NEW DELHI: International Monetary Fund (
IMF) chief economist
Pierre-Olivier Gourinchas on Tuesday said India may benefit from tariff and other actions against China.
“India is already benefiting from large FDI inflow since 2020… Countries that are not very connected with China may be in a position to benefit more if the measures (higher tariffs) are extended to countries that do a lot of trade with China… India is in that space,” he said at the TN Srinivasan Memorial lecture, adding that the gains from trade may not be so large.
The US and EU recently announced higher import duties on some Chinese products and FDI from China is already facing heightened scrutiny in several parts of the world.
Gourinchas cautioned that fragmentation can impact trade flows, capital flows and labour flows. In the short term, it may affect supply and inflation.
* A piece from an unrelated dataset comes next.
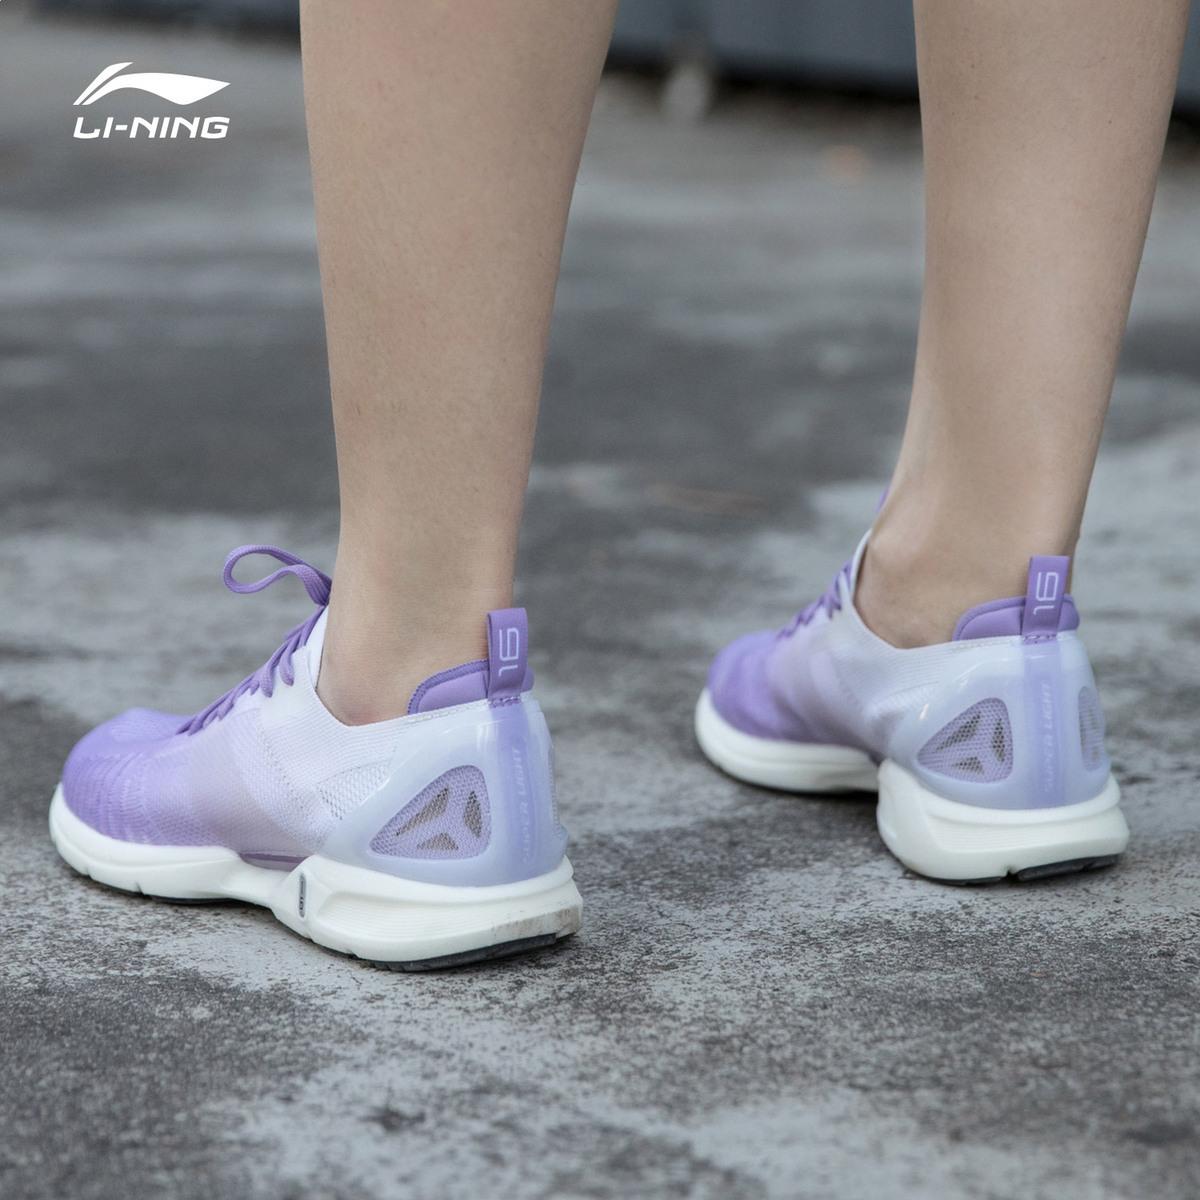 李宁女鞋跑步鞋2019夏季新款超轻16代跑鞋网面透气正品春季运动鞋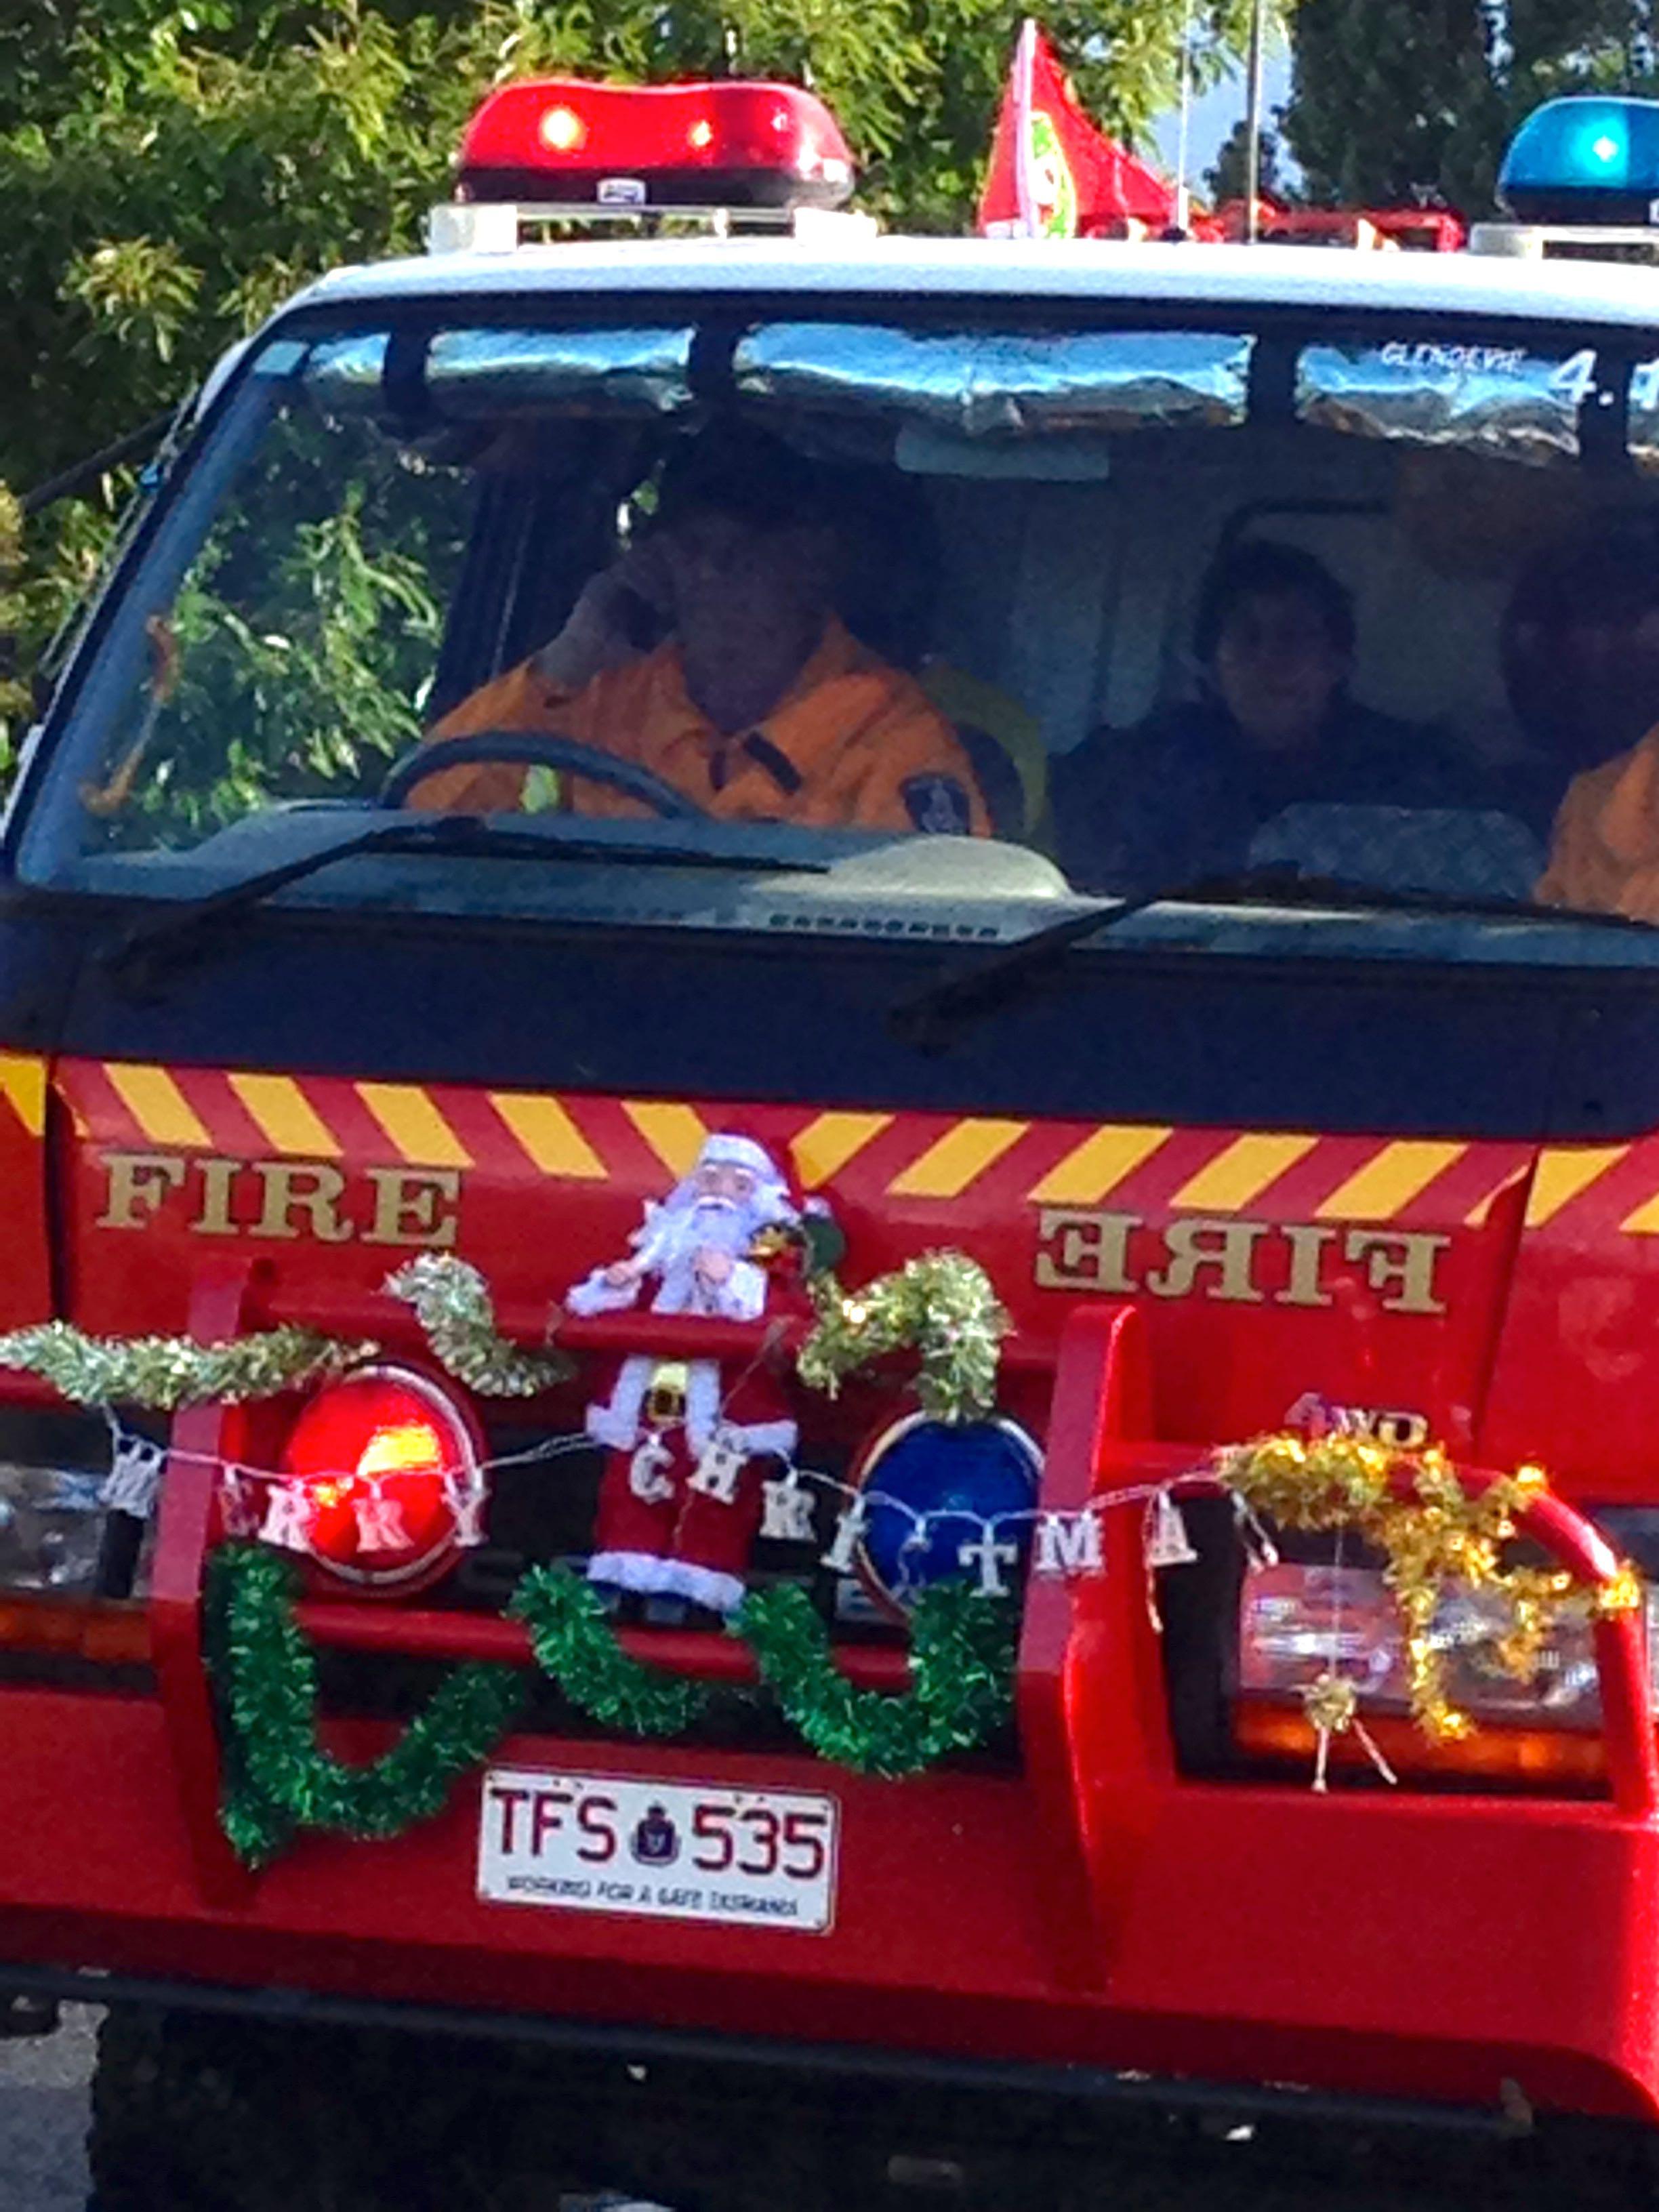 Our fire brigade's Christmas spirit

Global cooperation may be more difficult to address challenges like climate, debt problems or technological changes.
He said there is an emergence of connector countries, such as Vietnam and Mexico, which are gaining market share in US imports and they have received more FDI and exports from China since 2017. Countries that export more to the US are importing more from China, not just at the macro level but even in certain product categories. “You see the same thing for FDI — more FDI from China into a country translates into more export from that country to the US,” the IMF chief economist said.
He, however, cautioned that the diversification has resulted in lengthening of the supply chain, and not necessarily a reorganisation of the supply chain. “Trade flows are making more stops.” He also said some of the financial flows are re-routed through offshore financial centres. “The cost of fragmentation is difficult to estimate. A number of countries that remain non-aligned can benefit,” Gourinchas said.